With the church, to Edale Youth Hostel. Beautiful scenery, good company, great food, a weekend of prayer and contemplation and some good thoughts and speeches from Mark Russell, CEO of Church Army.

As usual with my church at times it got pretty intense, lots of prophesying, group prayer and laying on of hands. I think prophesy is very often more like cold-reading, you say something relevant and it sounds like a prophesy, although I certainly believe in prophesy as a concept (I mean, look at the Bible, it’s full of people in the Old Testament predicting things that happen in the New) and I don’t see why there shouldn’t be prophets in this day and age but I don’t think everyone has the gift of prophesy, unlike my church, and in fact I think if anything at all it’s extremely rare and not akin at all to what my church does and calls prophesy. Fair enough. It’s reasonably harmless.
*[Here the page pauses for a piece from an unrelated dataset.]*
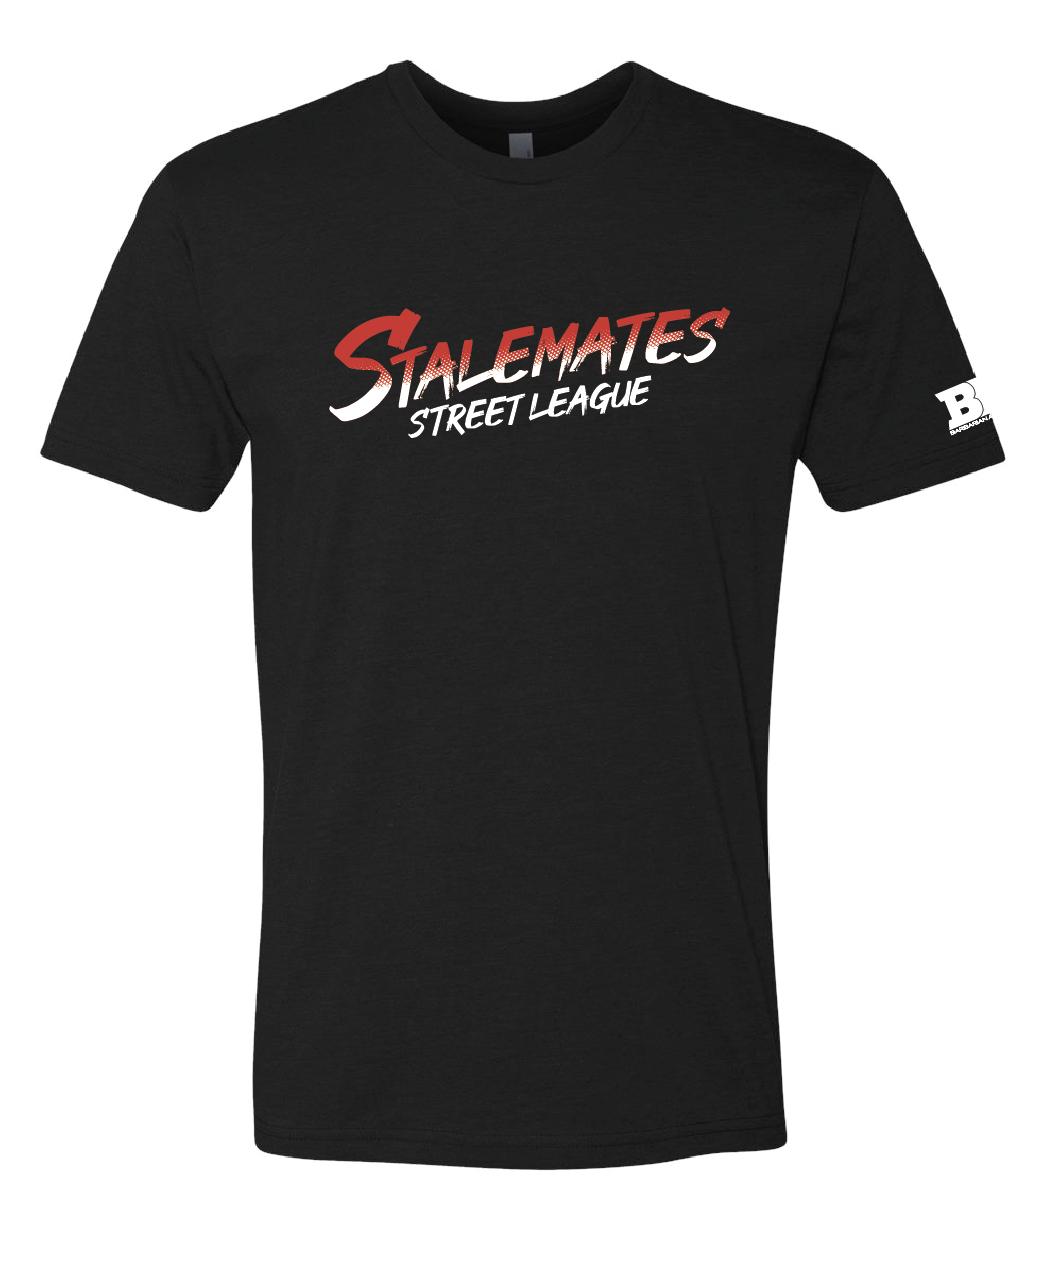 Stalemates Street League Shirt
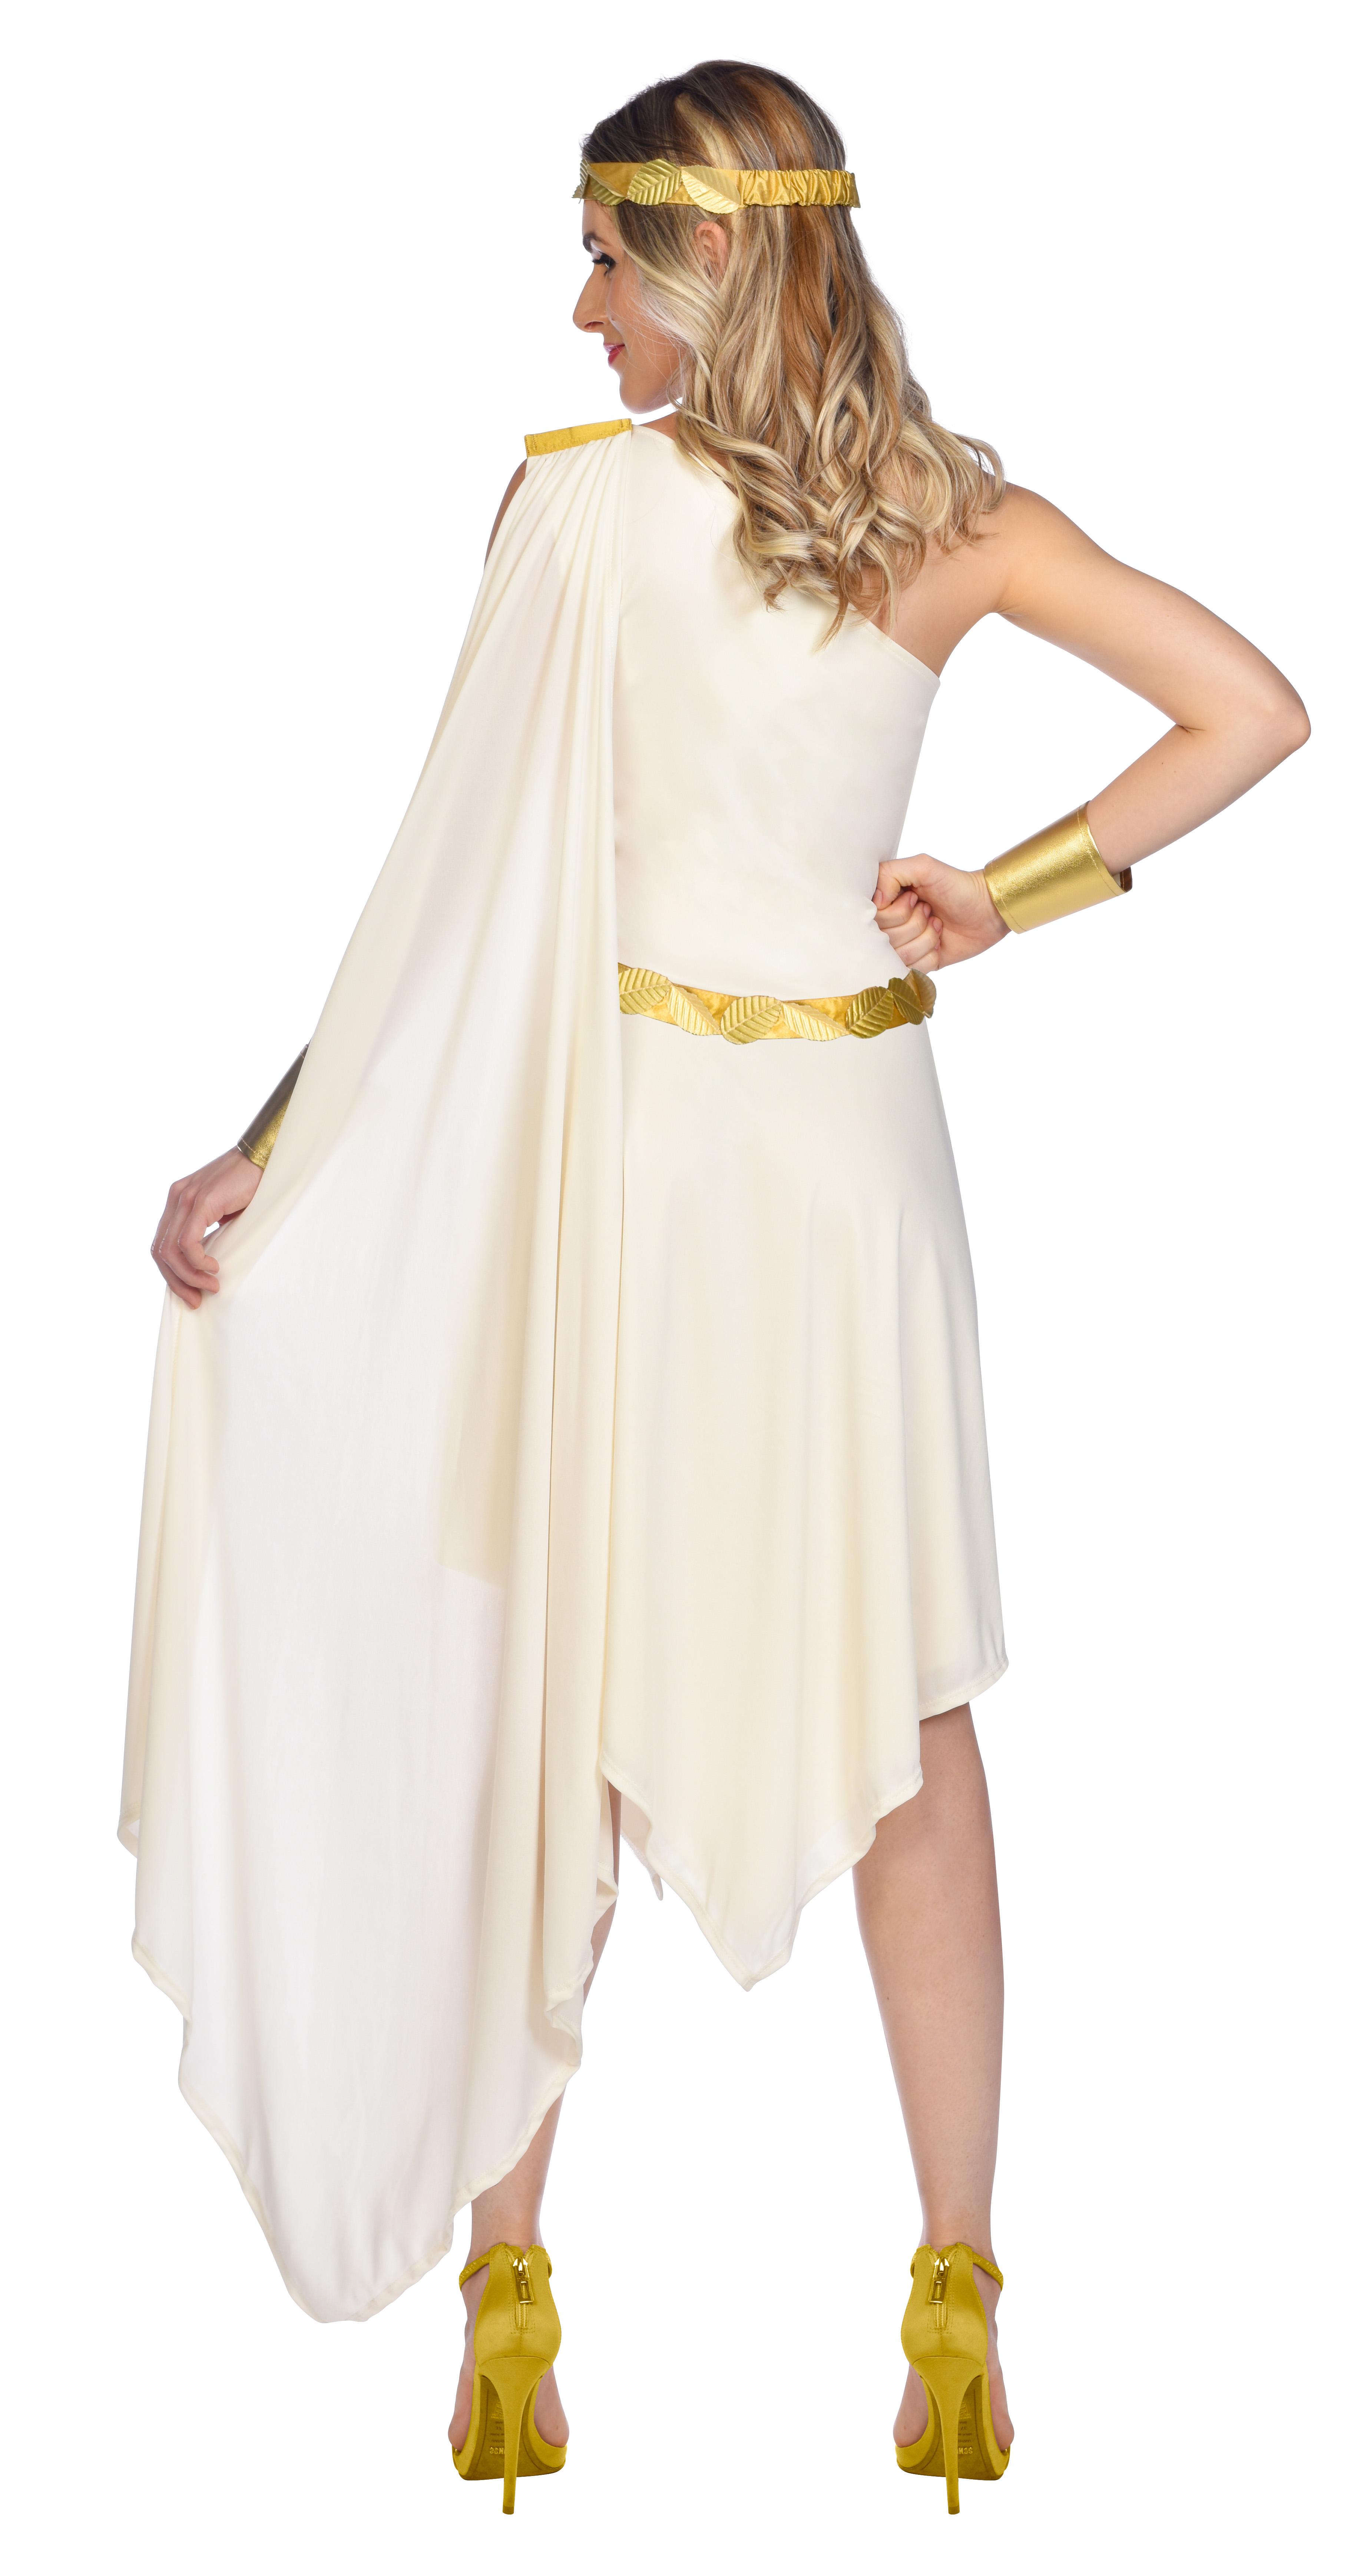 Indexbild 29 - Adult Ladies Golden Goddess Gladiator Greek Roman Toga Fancy Dress Costume New

I don’t like group prayer either, or rather, it depends who I’m praying with, because I tend to prefer prayer to be personal and contemplative and it doesn’t help me having a youth worker or part of the Ministry Team – i.e. someone who is at best only an acquaintance – praying with me for things which are relevant to my life only and which they don’t really understand, however well they might mean what they say. So I tend to prefer praying on my own or with close friends who understand what I’m praying about a bit better. To be honest I’m terribly British and find the whole thing very awkward because my relationship with God is private and personal and given that I’m not necessarily particularly huggy or tactile as a person, if I wouldn’t normally lay my hands on a person or hug them spontaneously then it feels odd to be touching them or them to be touching me when I’m praying.

Worship got pretty intense, too, but I think I learnt a lot this weekend about how far I’ve come as a Christian and where I want to go and where God wants me to go next. So I’m still worried and still stressed but things are starting to look a little better than they were.

And meanwhile I got out on a beautiful walk with some friends. Photos are up on Facebook, or will be soon, but don’t be too excited, they’re only iPhone quality, however beautiful the scenery… and I can’t be bothered to put them up here…!

So, hello, folks. My, that was an exciting post for you. Now. Food and fiddle practice and I have a decision to make – do I want or need to go to church tonight or would it be better to stay home and relax, preferably with A, H, and a PFW?